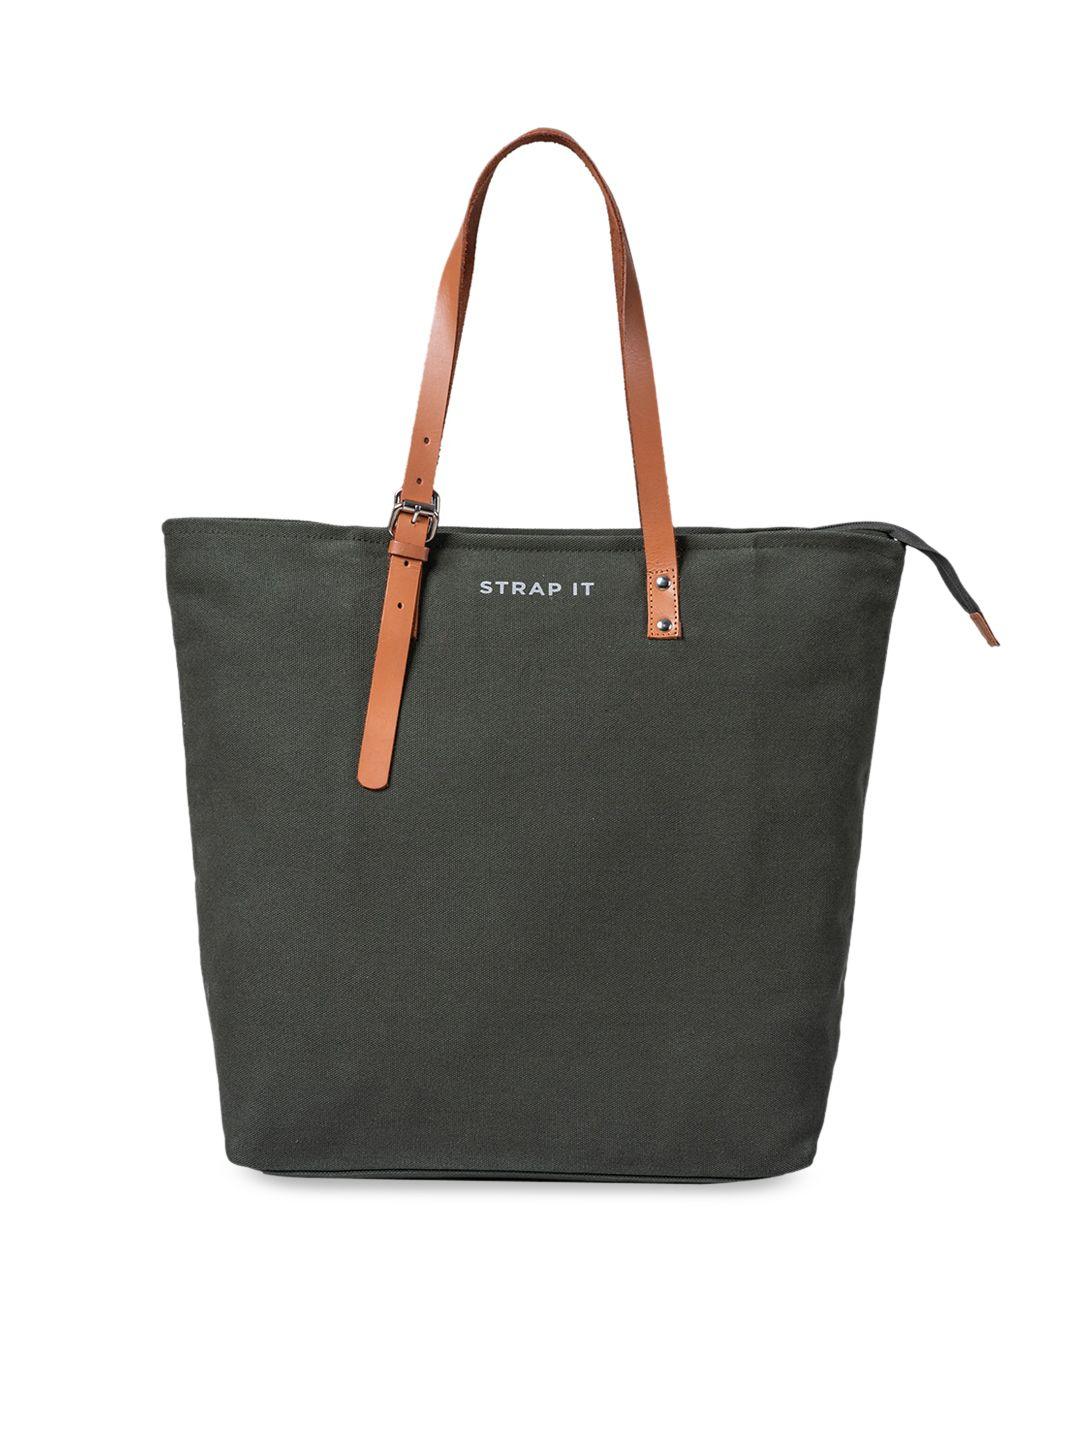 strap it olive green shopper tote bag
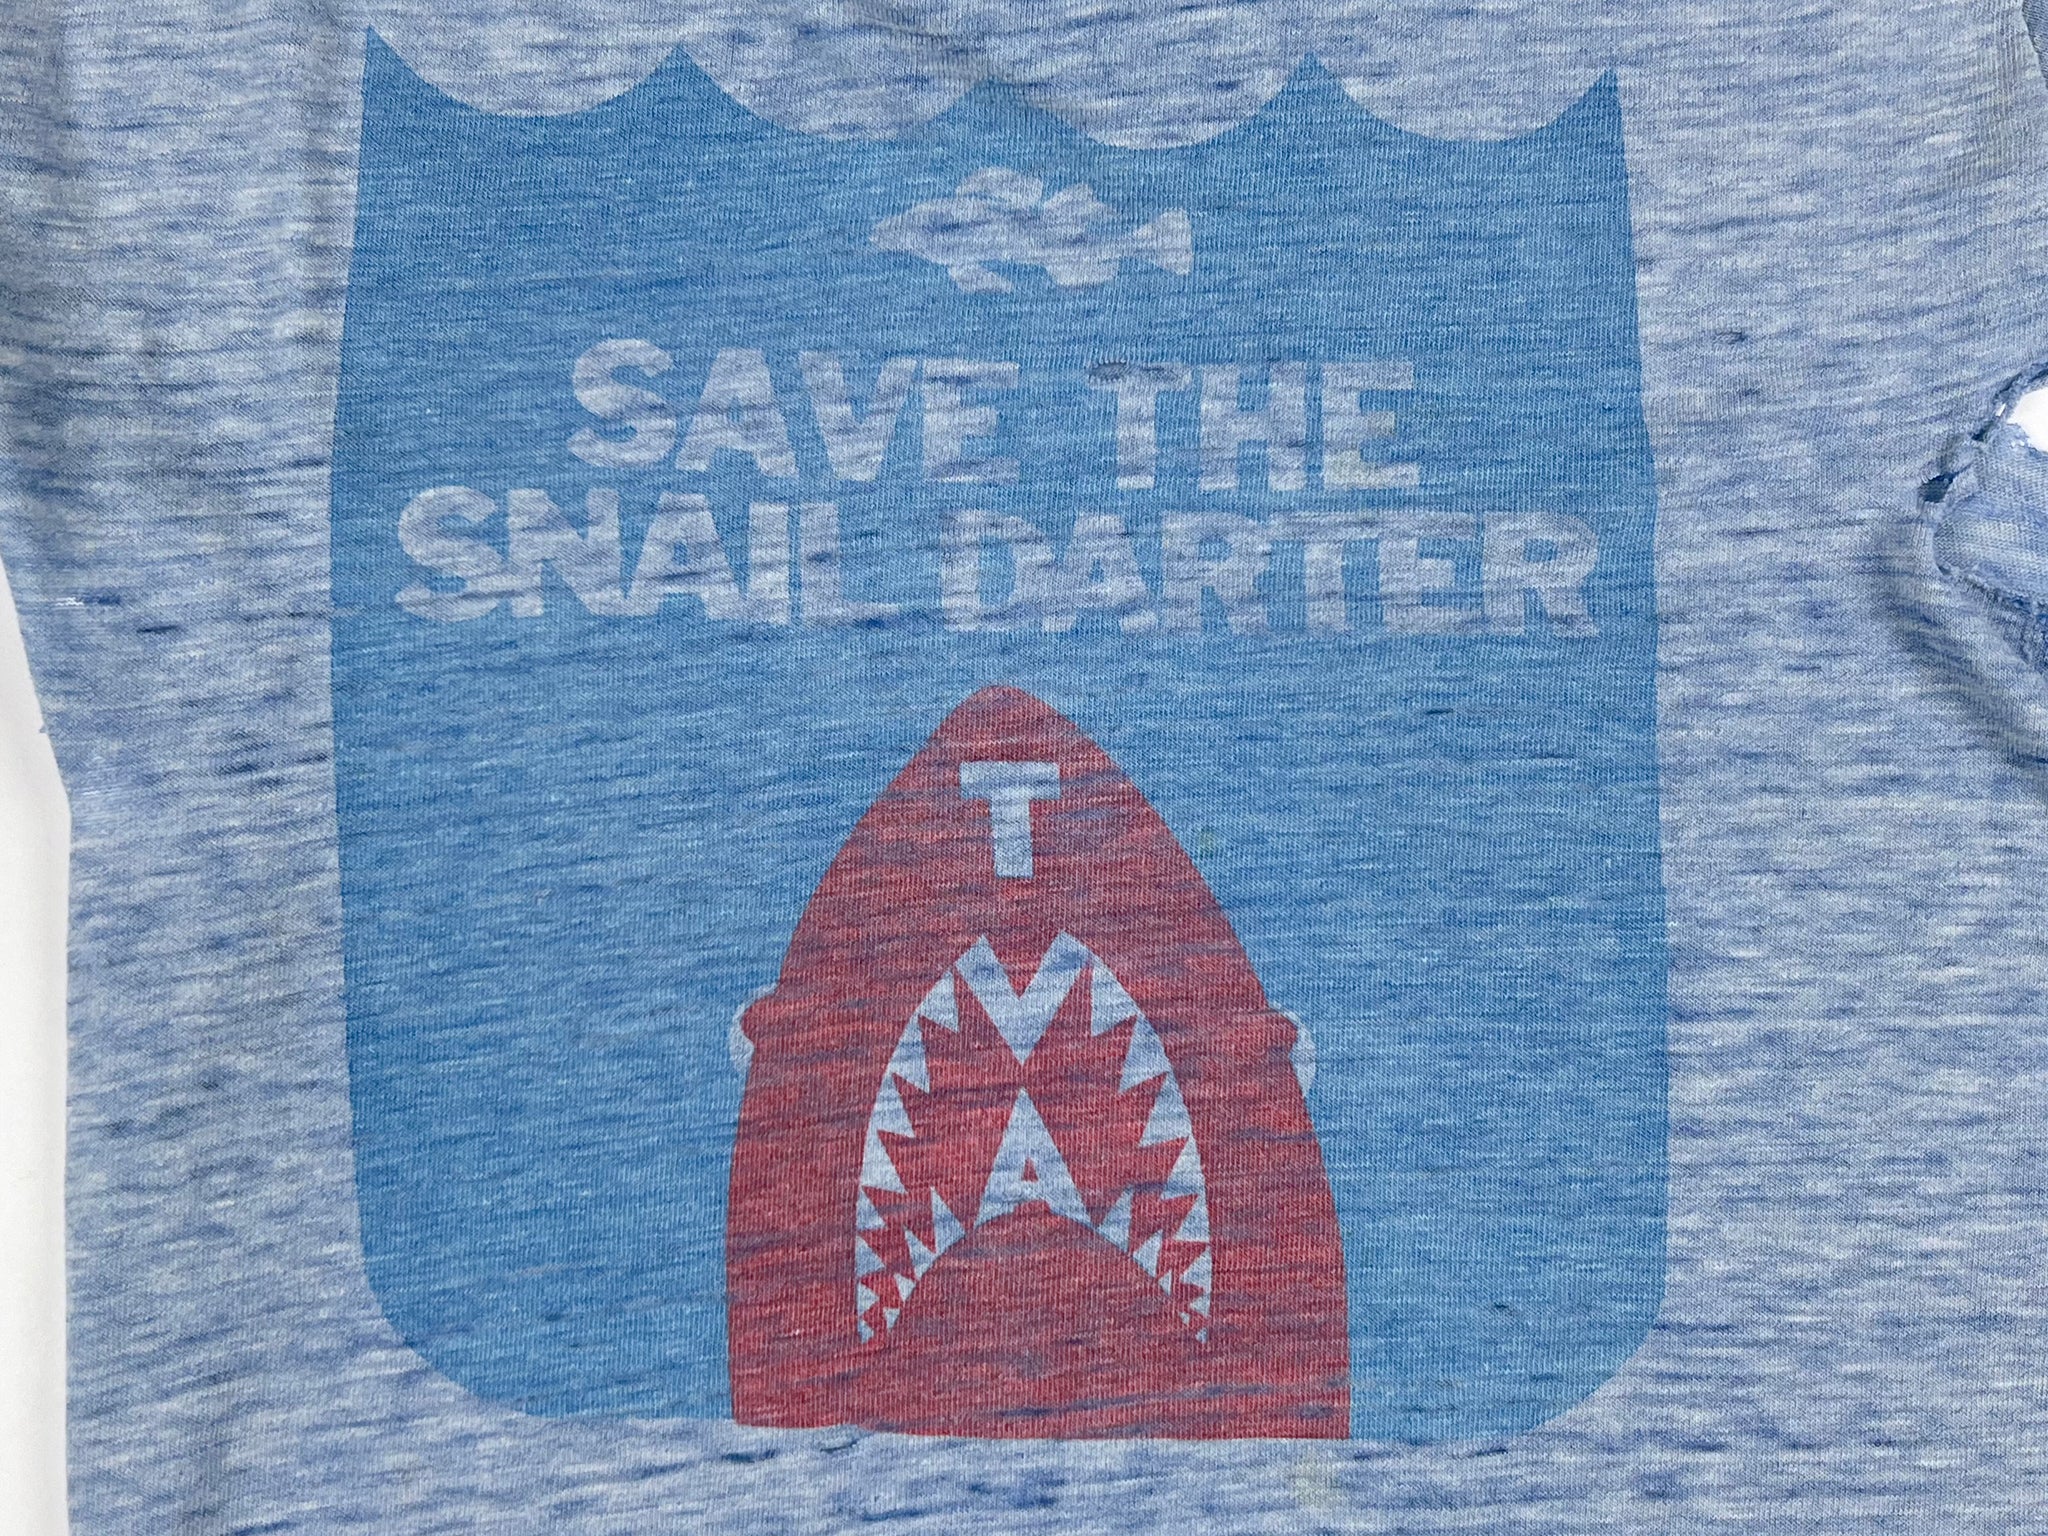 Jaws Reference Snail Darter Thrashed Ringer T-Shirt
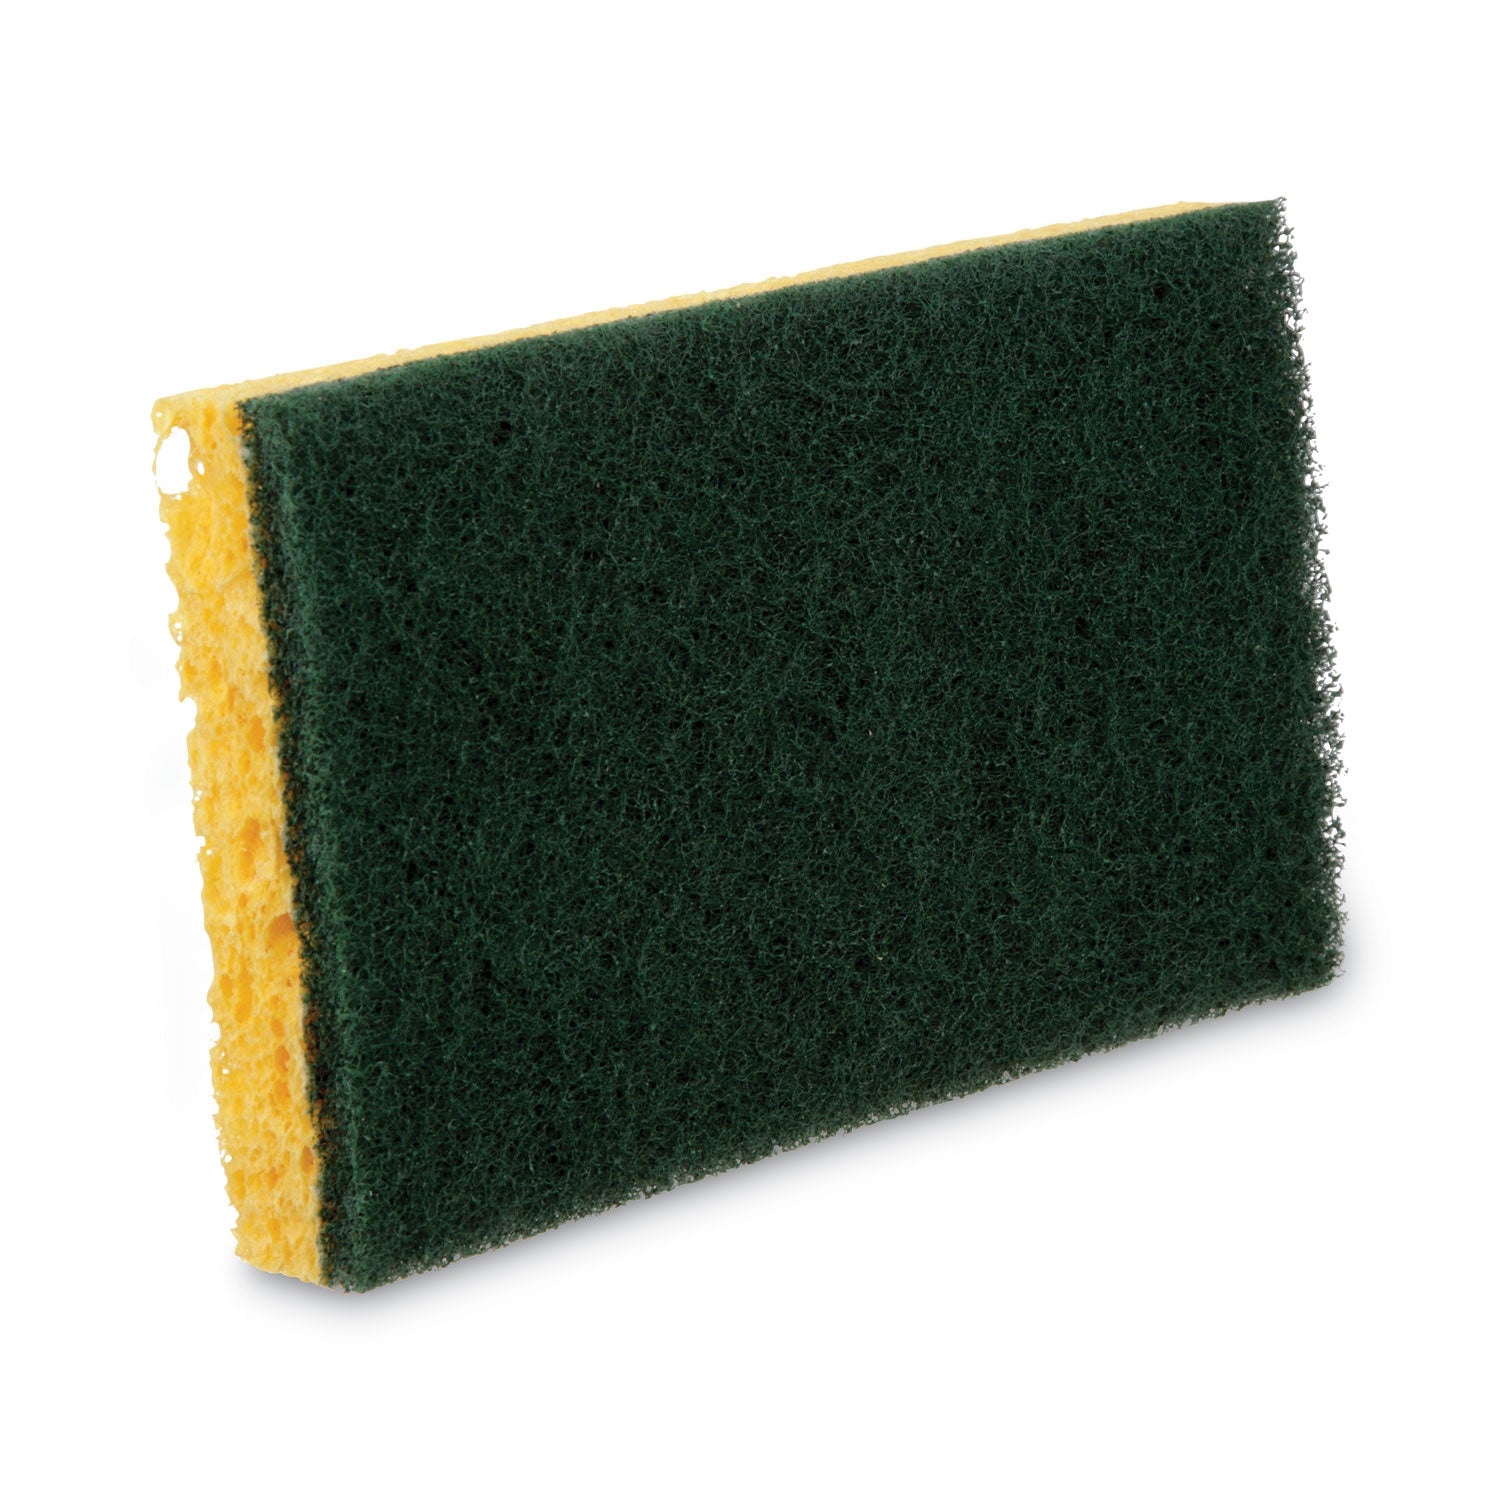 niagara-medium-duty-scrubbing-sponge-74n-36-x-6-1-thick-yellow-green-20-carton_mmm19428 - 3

-----

(WORK INSTRUCTIONS): Copy out all the data exactly; skip the pictures.

(YOUR SOLUTION):
 strap it olive green shopper tote bag
 Jaws Reference Snail Darter Thrashed Ringer T-Shirt
 niagara-medium-duty-scrubbing-sponge-74n-36-x-6-1-thick-yellow-green-20-carton_mmm19428 - 3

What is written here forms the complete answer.